Data excerpt Start Marker
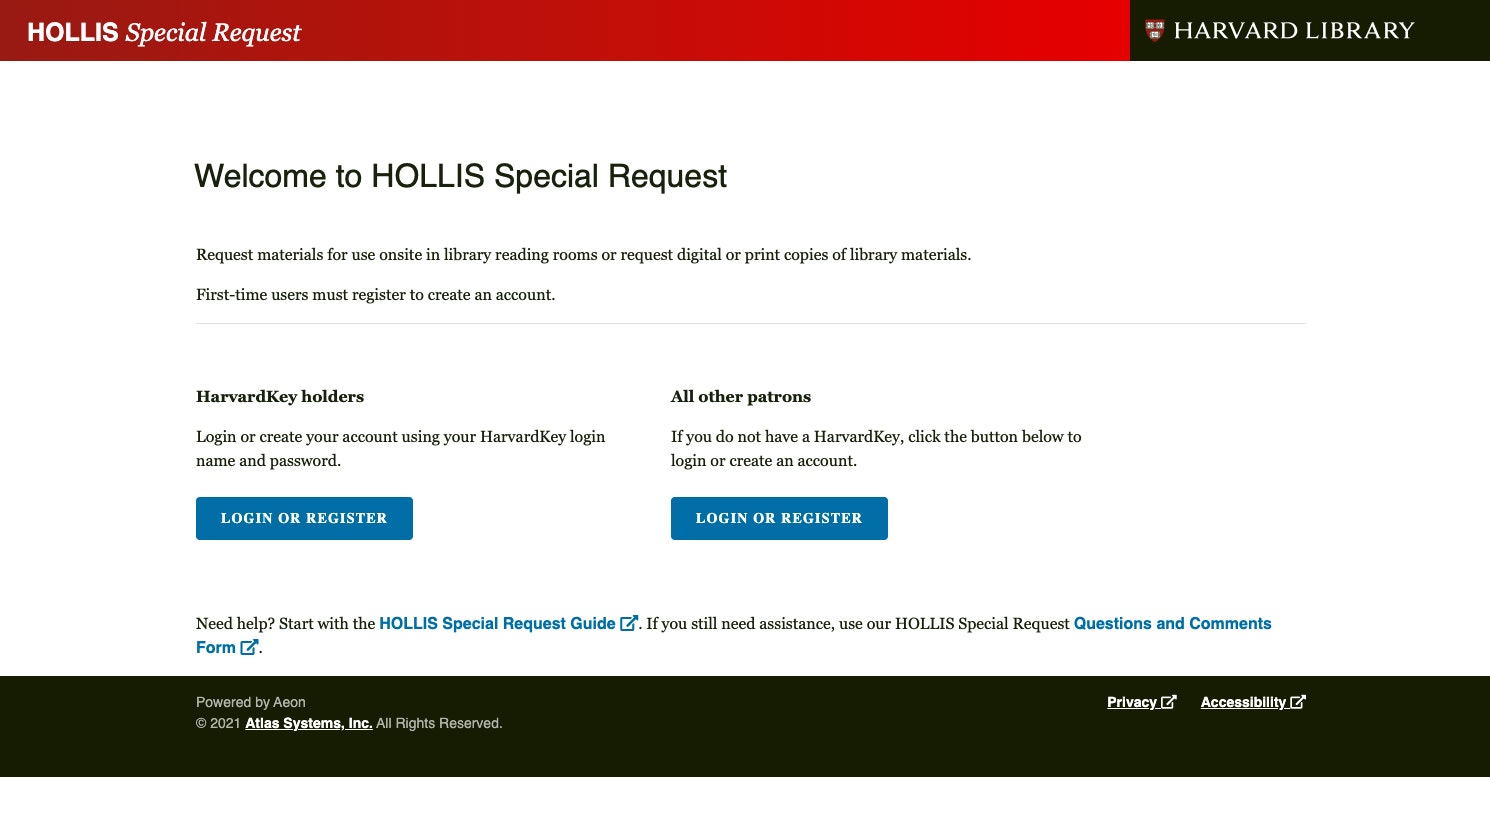 A screenshot of the HOLLIS Special Request page
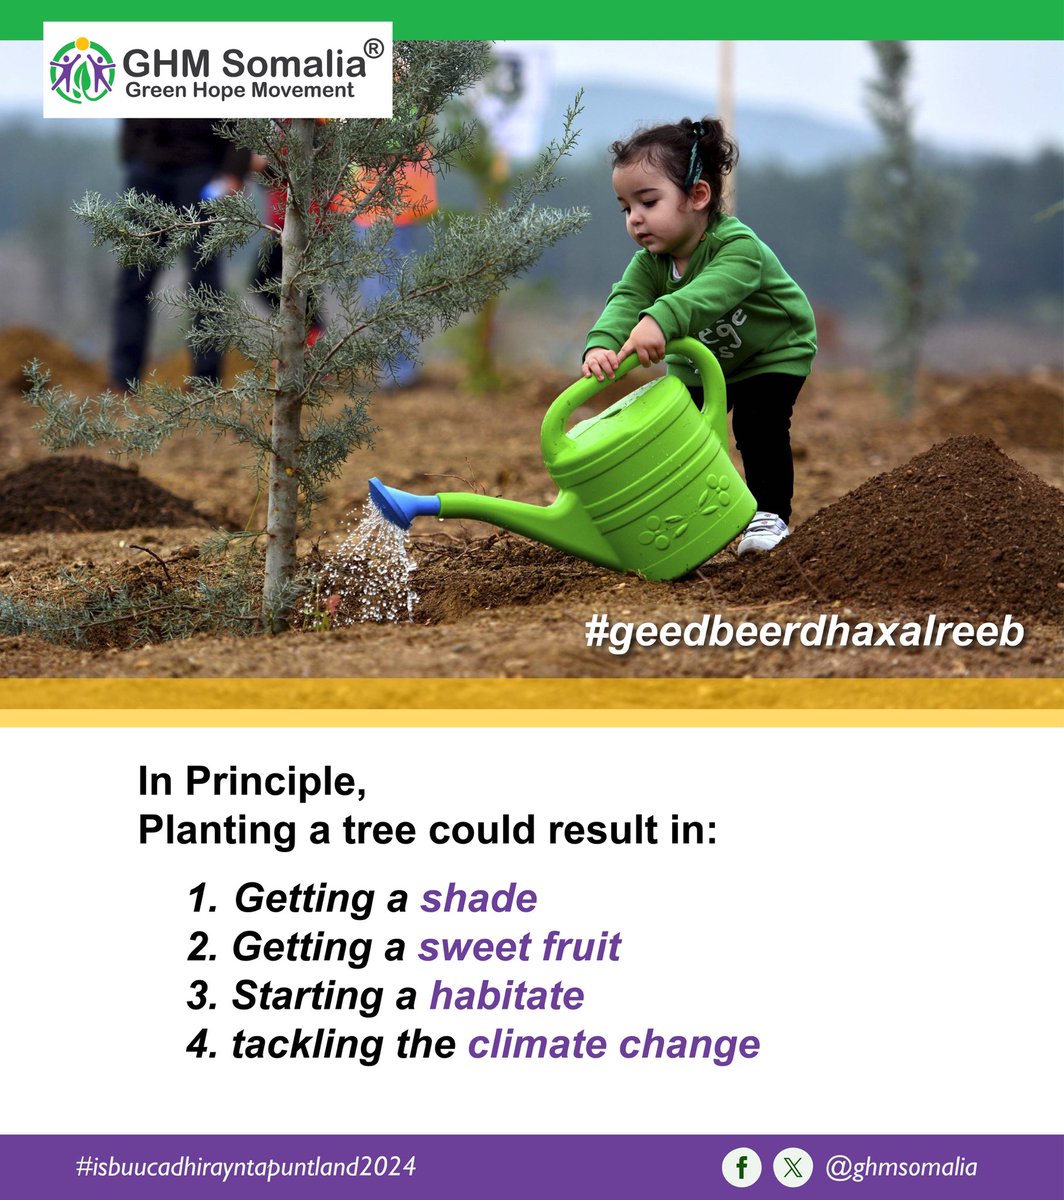 🌳🌍 Planting trees isn't just about greenery, it's a powerhouse solution to combat climate change! 🌳 From absorbing CO2 to preserving biodiversity, #TreePlantation is a crucial pillar in our fight for a sustainable future. Let's get our hands dirty for a greener, cooler planet!
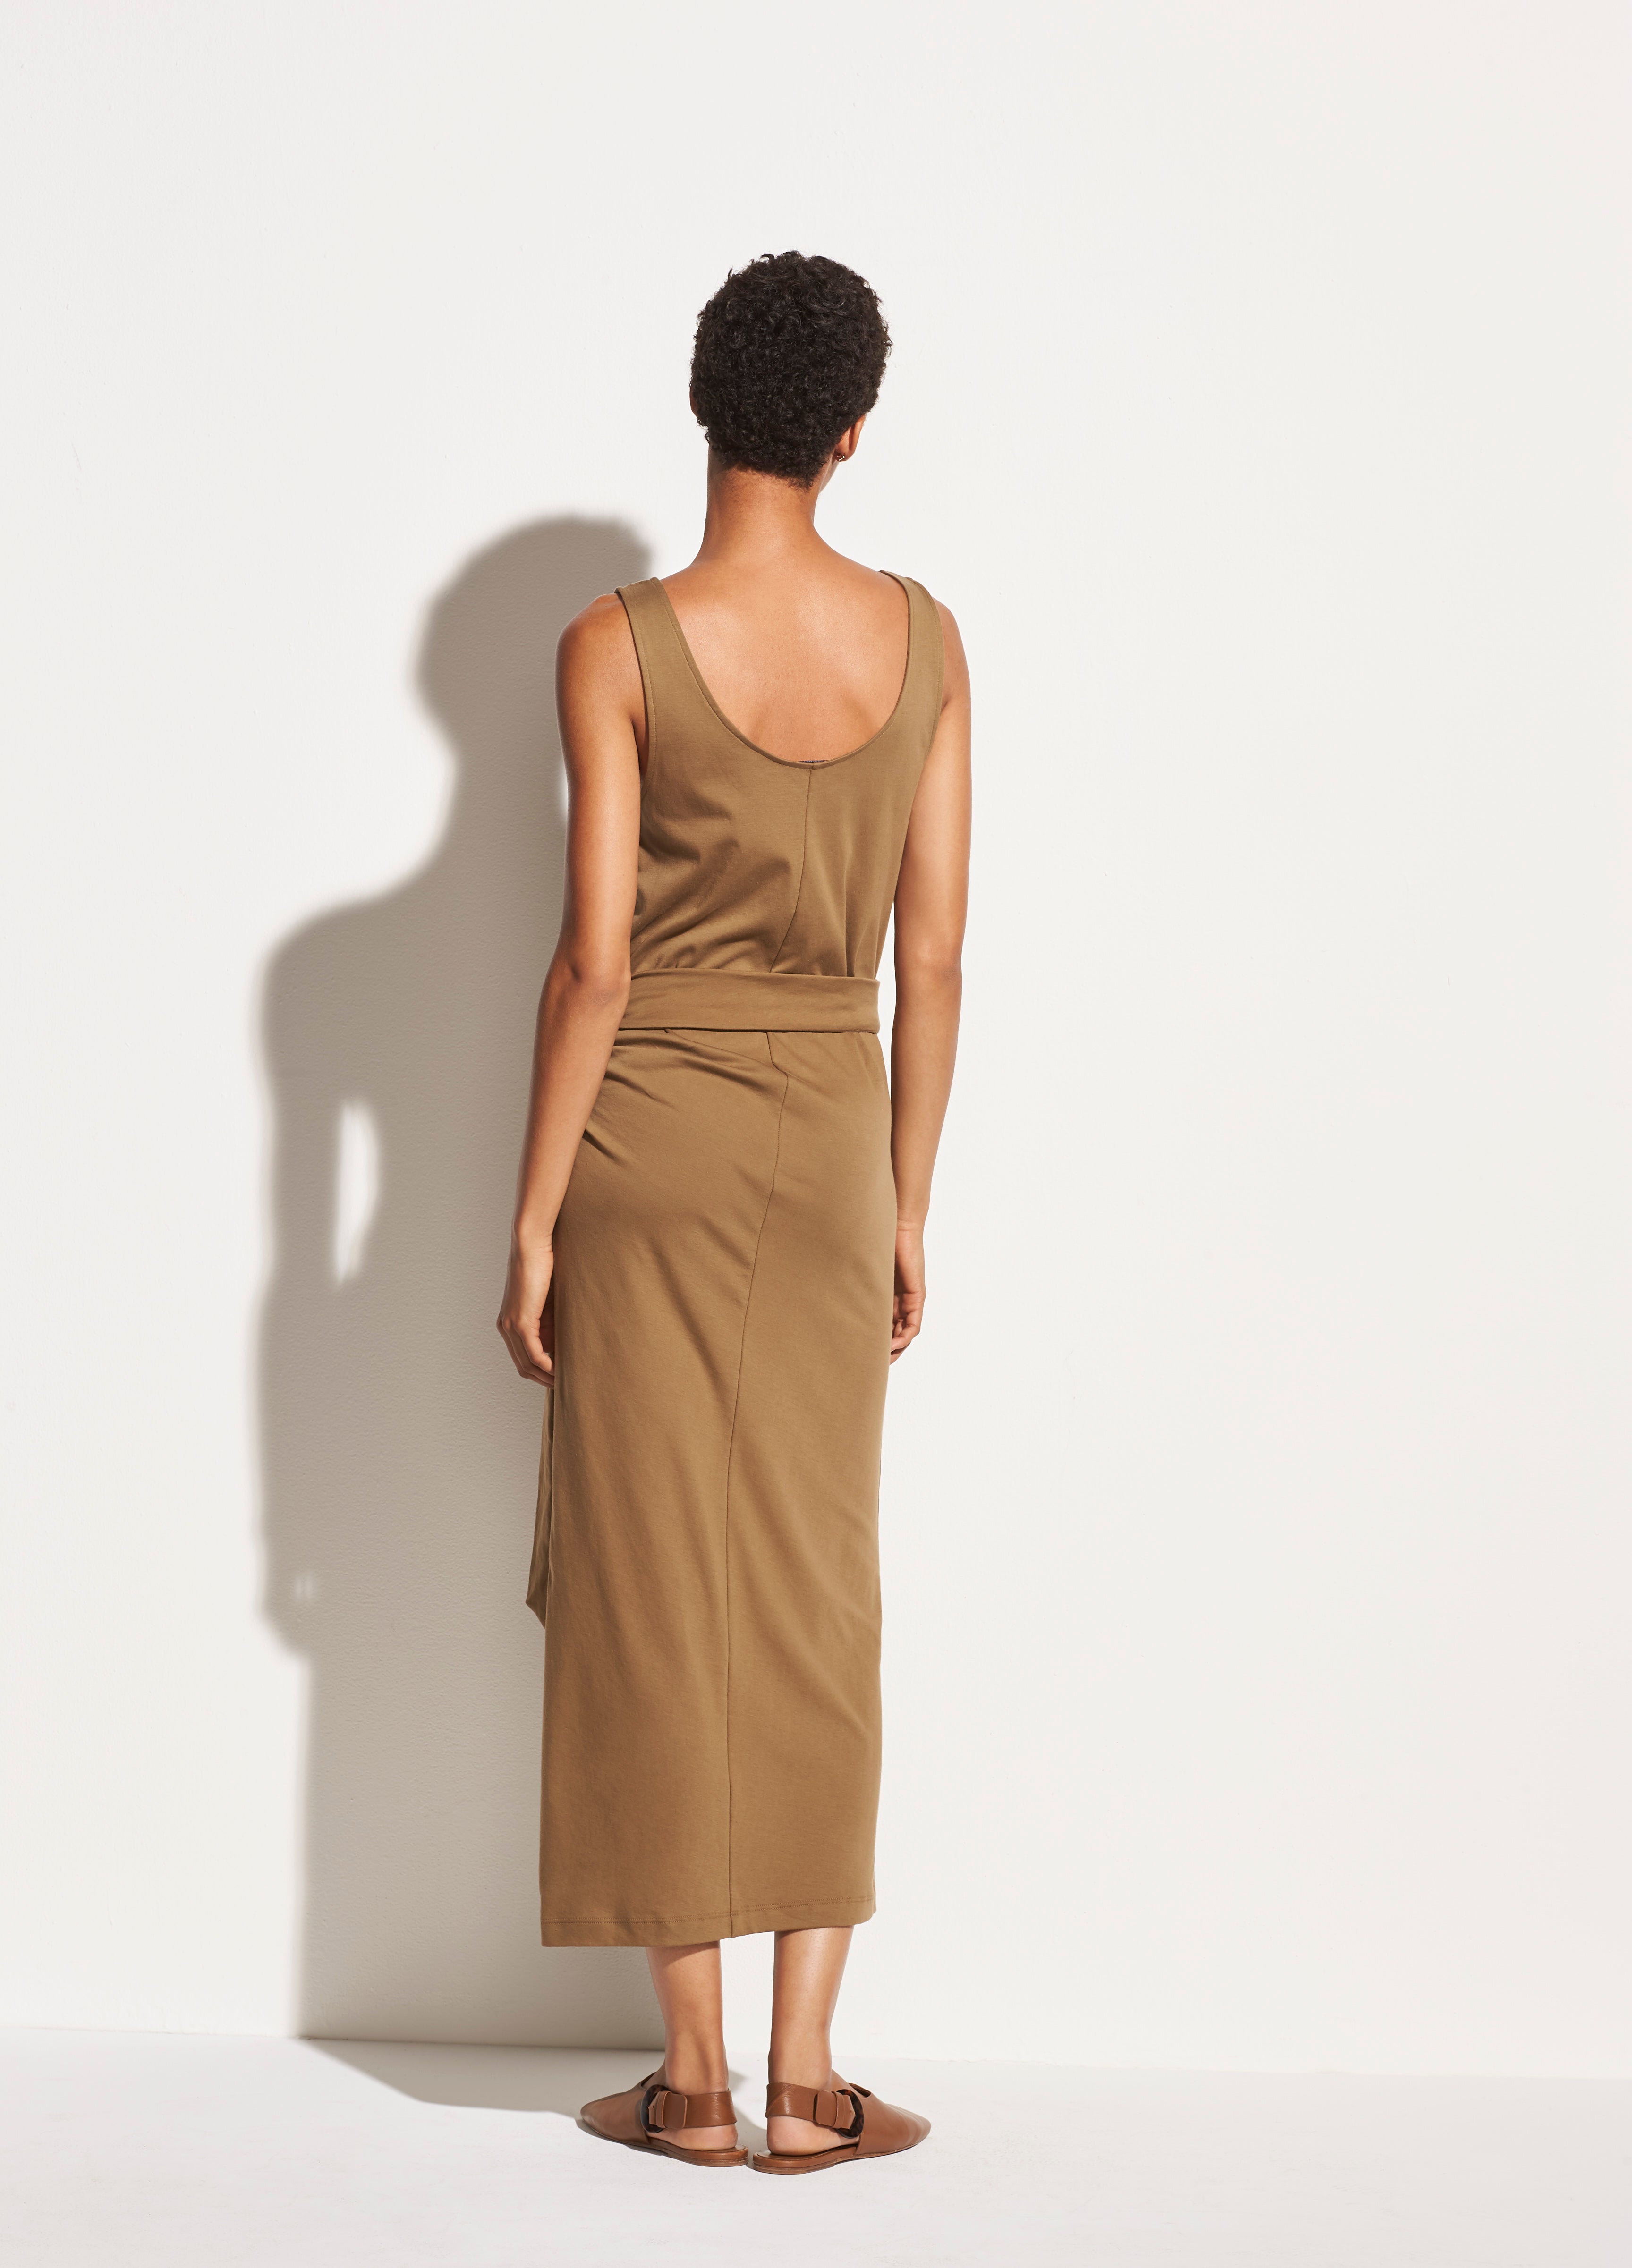 Vince | Sleeveless Wrap Dress in Timber | Vince Unfold
Data excerpt End Marker
• _Your objective_
Only the pictures are dropped when you print the material; everything else is copied exactly.

• _Exercise result_
 A screenshot of the HOLLIS Special Request page
 🌳🌍 Planting trees isn't just about greenery, it's a powerhouse solution to combat climate change! 🌳 From absorbing CO2 to preserving biodiversity, #TreePlantation is a crucial pillar in our fight for a sustainable future. Let's get our hands dirty for a greener, cooler planet!
 Vince | Sleeveless Wrap Dress in Timber | Vince Unfold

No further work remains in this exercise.